When we do a dot product between two vectors, we multiply pairs of numbers and then sum them up.

- If the two paired numbers (eg. ‘a’ and ‘d’ above) are both positive or both negative, then the product will be positive. The product will increase the final summation.

- If one number is positive and the other negative, then the product will be negative. The product will reduce the final summation.

- If the product is positive, the larger the two numbers, the more they contribute to the final summation.

This means that if the signs of the corresponding numbers in the two vectors are aligned, the final sum will be larger.

This notion of the Dot Product applies to the attention score as well. If the vectors for two words are more aligned, the attention score will be higher.

So what is the behavior we want for the Transformer?

We want the attention score to be high for two words that are relevant to each other in the sentence.
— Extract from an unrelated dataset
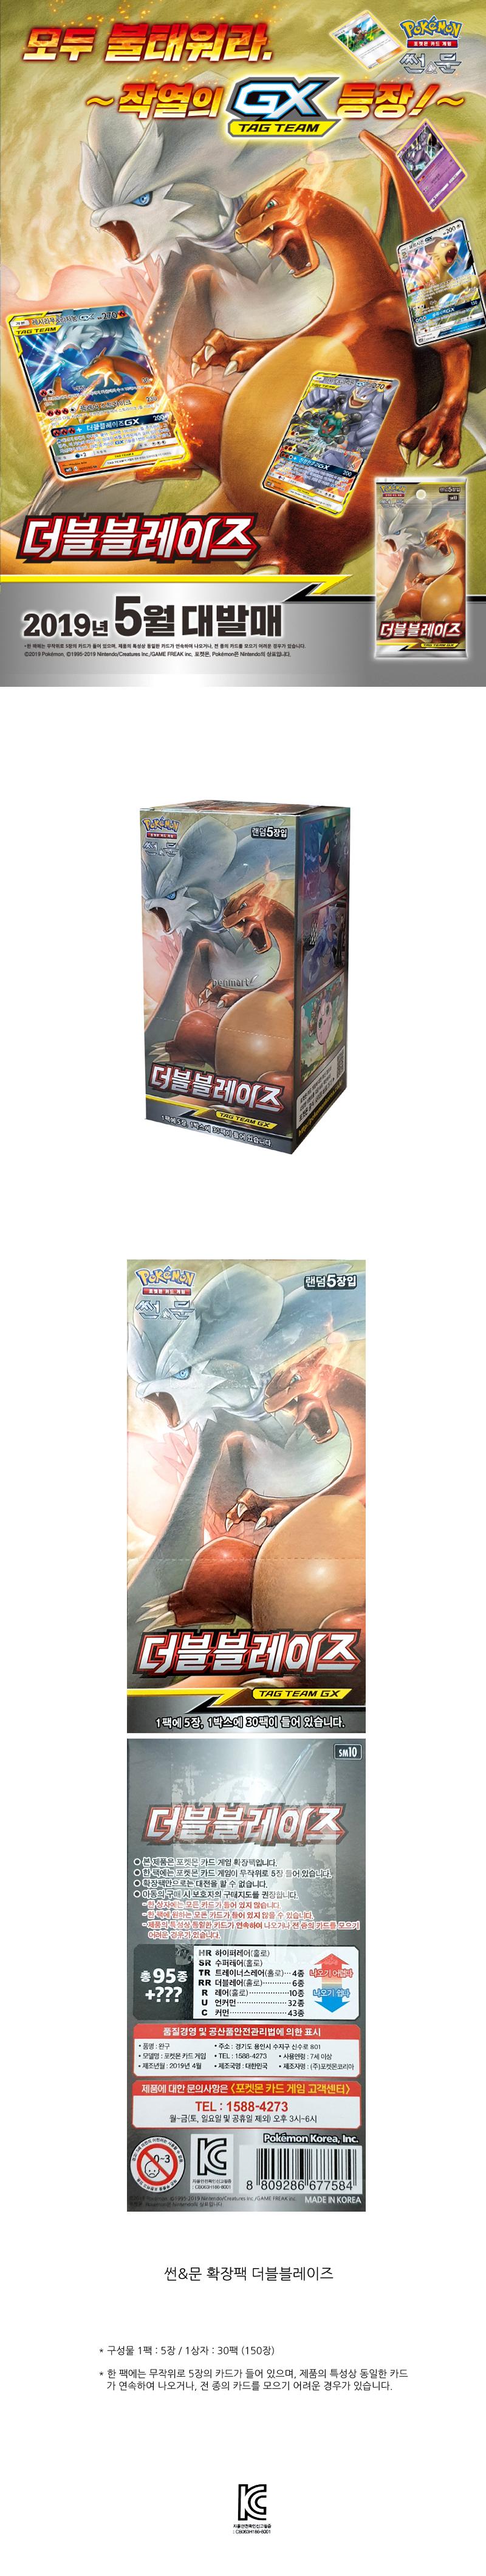 포켓몬카드 썬앤문 확장팩 더블 블레이즈 1상자(30팩) - 펜마트, 14,800원, 보드게임, 카드 게임

And we want the score to be low for two words that are unrelated to one another.

For example, for the sentence, “The black cat drank the milk”, the word “milk” is very relevant to “drank”, perhaps slightly less relevant to “cat”, and irrelevant to “black”. We want “milk” and “drank” to produce a high attention score, for “milk” and “cat” to produce a slightly lower score, and for “milk” and “black”, to produce a negligible score.

This is the output we want the model to learn to produce.

For this to happen, the word vectors for “milk” and “drank” must be aligned. The vectors for “milk” and “cat” will diverge somewhat. And they will be quite different for “milk” and “black”.

Let’s go back to the point we had kept at the back of our minds — how does the Transformer figure out what set of weights will give it the best results?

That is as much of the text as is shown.